DARVO is indeed a favorite tactic of abusers, of pathological families, and indeed, of whole oppressive strata of society. It is hard to fight, because the abuser proceeds from a position of self-righteousness, while the victim is sooner or later convinced of a culpability that is such an ingrained part of her/his identity that no amount of impeccable conduct can ever mitigate it. It is exactly because of this that individual or class victims tend to do poorly in court, as well: these are the people who flunk lie detector tests when they’re innocent, while the insoucience of abusers/psychopaths fool machines and human triers of fact alike.
Thus, it is all the more important that you collect and organize evidence, because the victim herself has been so thoroughly mind f****ed that, when she allows herself to remember at all, she will remember in ways that both trivialize the event and put her at fault. Before you ever have to convince any authority of what happened and how, you may have to convince her first.

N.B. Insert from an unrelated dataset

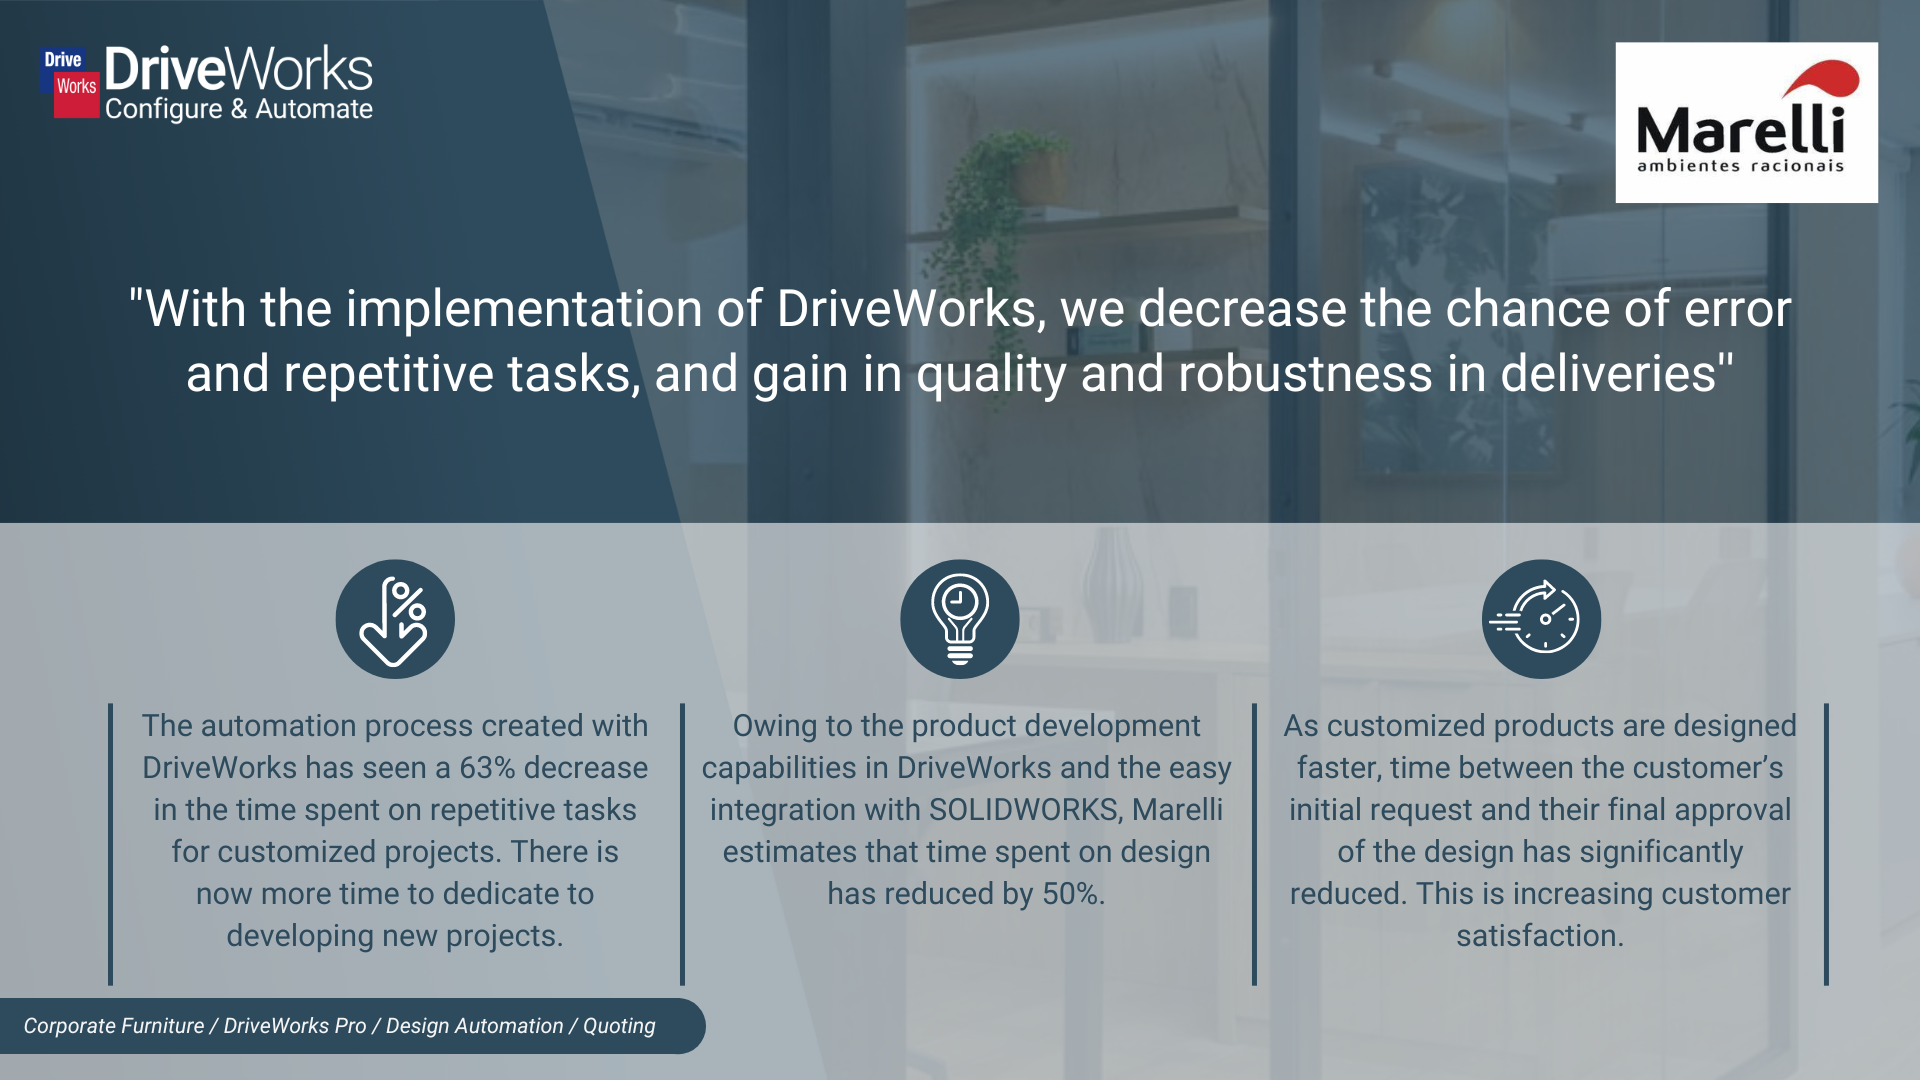 A graphic showing the benefits DriveWorks has had on Marelli. Text reads: "With the implementation of DriveWorks, we decrease the chance of error and repetitive tasks, and gain in quality and robustness in deliveries''. The automation process created with DriveWorks has seen a 63% decrease in the time spent on repetitive tasks for customized projects. There is now more time to dedicate to developing new projects. Owing to the product development capabilities in DriveWorks and the easy integration with SOLIDWORKS, Marelli estimates that time spent on design has reduced by 50%. As customized products are designed faster, time between the customer’s initial request and their final approval of the design has significantly reduced. This is increasing customer satisfaction.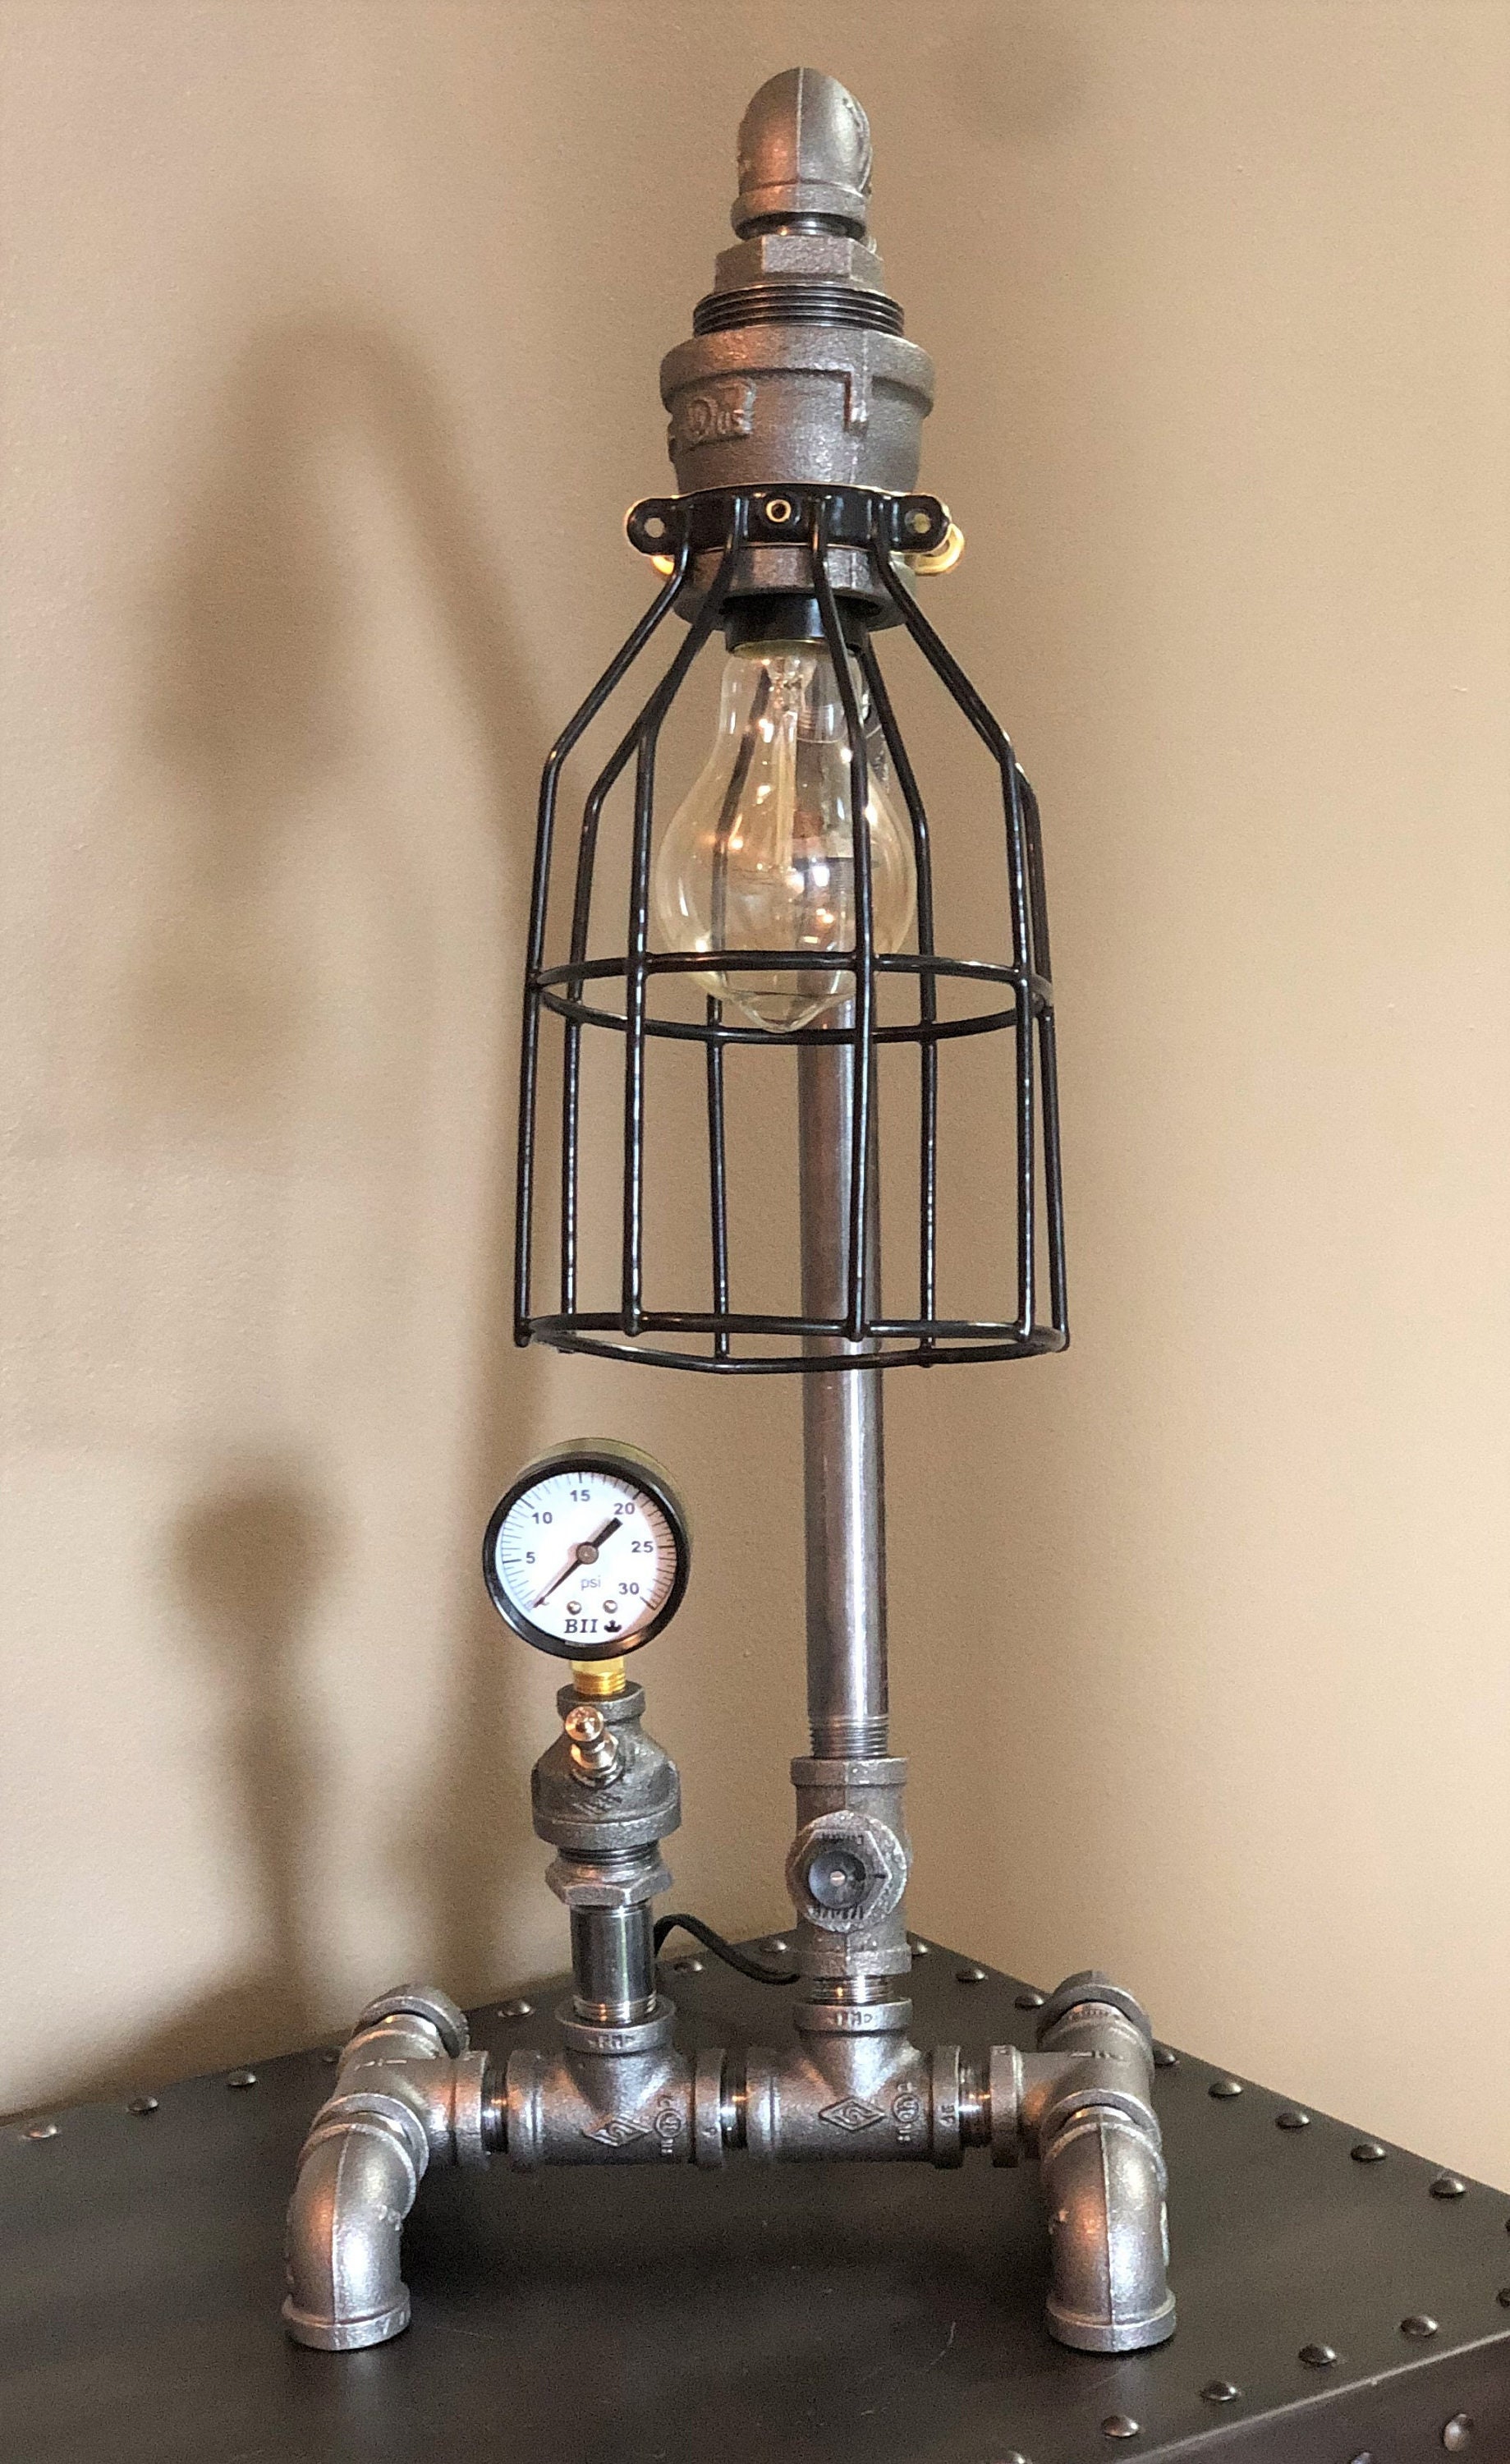 All lamps handmade in the U.S.A Black iron pipe cage lamp with FAUCET HANDLE DIMMER rustic cloth cord Industrial by the owner Lifetime Warranty! steampunk bulb included

You are very courageous and caring. Good luck!
#86 Comment By Cheryl On October 6, 2012 @ 11:09 am
As woman who grew up watching my violent, alcoholic father brutalize, humiliate, and beat my mother, I don’t find this sort of crap funny. Just reading about it triggers a PTSD response. Parody is protected speech, but there’s nothing funny about demeaning a group of people and inciting violence against them. It’s hate speech, pure and simple.
#87 Comment By shannon miller On February 15, 2013 @ 1:54 pm
As a Victim who became disabled because of Domestic Violence I find this to very offensive and not funny at all. Its sick and shows dysfunction in those who think its humorous. I have to use a wheelchair oh thats real funny.